#### Work request
Look through the data below and, wherever a line carries the word "Yellow", please copy that line.

#### Records
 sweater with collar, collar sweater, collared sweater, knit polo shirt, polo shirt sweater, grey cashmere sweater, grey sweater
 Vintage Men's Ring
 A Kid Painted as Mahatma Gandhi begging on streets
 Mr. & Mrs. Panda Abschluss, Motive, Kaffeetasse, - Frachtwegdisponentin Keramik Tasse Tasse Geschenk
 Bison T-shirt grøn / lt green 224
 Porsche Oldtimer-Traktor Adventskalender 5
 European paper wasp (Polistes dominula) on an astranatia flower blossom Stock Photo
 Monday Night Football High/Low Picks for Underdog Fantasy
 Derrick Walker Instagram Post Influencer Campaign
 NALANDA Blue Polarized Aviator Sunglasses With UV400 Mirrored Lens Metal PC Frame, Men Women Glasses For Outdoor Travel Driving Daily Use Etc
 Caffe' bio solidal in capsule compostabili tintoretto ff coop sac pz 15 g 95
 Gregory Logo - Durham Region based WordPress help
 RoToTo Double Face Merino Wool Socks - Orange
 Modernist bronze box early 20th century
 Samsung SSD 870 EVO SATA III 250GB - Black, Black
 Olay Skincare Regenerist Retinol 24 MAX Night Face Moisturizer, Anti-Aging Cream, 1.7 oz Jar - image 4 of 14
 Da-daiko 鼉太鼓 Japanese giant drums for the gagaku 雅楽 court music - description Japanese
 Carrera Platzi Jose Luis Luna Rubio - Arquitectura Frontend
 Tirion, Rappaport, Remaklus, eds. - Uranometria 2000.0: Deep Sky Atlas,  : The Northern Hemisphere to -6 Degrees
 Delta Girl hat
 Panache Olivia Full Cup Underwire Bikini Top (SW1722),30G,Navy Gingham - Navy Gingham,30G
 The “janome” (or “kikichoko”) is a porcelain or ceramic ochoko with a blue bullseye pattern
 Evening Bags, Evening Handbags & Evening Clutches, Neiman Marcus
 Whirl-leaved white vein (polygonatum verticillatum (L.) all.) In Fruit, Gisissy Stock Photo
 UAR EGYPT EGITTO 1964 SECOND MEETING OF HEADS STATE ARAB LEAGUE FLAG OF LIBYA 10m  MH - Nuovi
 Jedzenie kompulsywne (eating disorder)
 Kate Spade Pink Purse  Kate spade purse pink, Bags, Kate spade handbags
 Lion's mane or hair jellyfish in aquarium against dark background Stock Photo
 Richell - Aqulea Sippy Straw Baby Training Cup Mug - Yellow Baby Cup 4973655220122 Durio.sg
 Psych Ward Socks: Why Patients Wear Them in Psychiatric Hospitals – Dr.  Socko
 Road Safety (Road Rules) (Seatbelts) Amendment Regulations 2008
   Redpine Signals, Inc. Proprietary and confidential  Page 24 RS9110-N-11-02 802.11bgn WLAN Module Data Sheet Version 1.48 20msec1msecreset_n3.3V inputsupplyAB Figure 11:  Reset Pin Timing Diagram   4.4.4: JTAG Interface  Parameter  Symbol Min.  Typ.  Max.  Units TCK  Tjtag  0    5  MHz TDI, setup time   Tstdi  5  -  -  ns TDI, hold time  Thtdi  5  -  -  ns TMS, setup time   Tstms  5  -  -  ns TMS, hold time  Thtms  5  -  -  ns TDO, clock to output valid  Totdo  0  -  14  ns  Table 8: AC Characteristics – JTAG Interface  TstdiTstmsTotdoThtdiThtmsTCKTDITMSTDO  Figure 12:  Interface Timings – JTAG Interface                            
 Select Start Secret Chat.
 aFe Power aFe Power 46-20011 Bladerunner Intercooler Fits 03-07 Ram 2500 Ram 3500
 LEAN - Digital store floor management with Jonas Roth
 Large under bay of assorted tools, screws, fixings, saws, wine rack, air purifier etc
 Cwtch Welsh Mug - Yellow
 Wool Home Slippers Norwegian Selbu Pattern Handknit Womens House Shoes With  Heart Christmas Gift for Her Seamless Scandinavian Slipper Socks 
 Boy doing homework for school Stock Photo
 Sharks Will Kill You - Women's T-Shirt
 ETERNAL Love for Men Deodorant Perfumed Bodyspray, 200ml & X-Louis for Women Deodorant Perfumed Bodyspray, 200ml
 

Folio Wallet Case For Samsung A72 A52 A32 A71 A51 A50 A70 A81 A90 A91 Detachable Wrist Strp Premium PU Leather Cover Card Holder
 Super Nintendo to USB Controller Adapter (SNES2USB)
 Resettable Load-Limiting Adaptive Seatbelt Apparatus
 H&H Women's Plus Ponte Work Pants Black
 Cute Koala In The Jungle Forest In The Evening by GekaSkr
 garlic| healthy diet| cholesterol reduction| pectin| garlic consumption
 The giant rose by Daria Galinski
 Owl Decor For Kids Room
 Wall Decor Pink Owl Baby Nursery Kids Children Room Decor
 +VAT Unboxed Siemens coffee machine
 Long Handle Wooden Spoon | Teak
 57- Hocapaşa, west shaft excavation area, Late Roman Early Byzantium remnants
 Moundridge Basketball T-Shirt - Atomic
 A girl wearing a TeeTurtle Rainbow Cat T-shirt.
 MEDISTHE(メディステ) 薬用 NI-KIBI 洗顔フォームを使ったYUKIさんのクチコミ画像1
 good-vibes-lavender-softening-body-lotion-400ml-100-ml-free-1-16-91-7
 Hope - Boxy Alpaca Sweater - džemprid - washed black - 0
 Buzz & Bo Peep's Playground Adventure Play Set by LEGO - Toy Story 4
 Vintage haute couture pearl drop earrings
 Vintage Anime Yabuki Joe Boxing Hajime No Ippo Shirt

#### Reply
 Richell - Aqulea Sippy Straw Baby Training Cup Mug - Yellow Baby Cup 4973655220122 Durio.sg
 Cwtch Welsh Mug - Yellow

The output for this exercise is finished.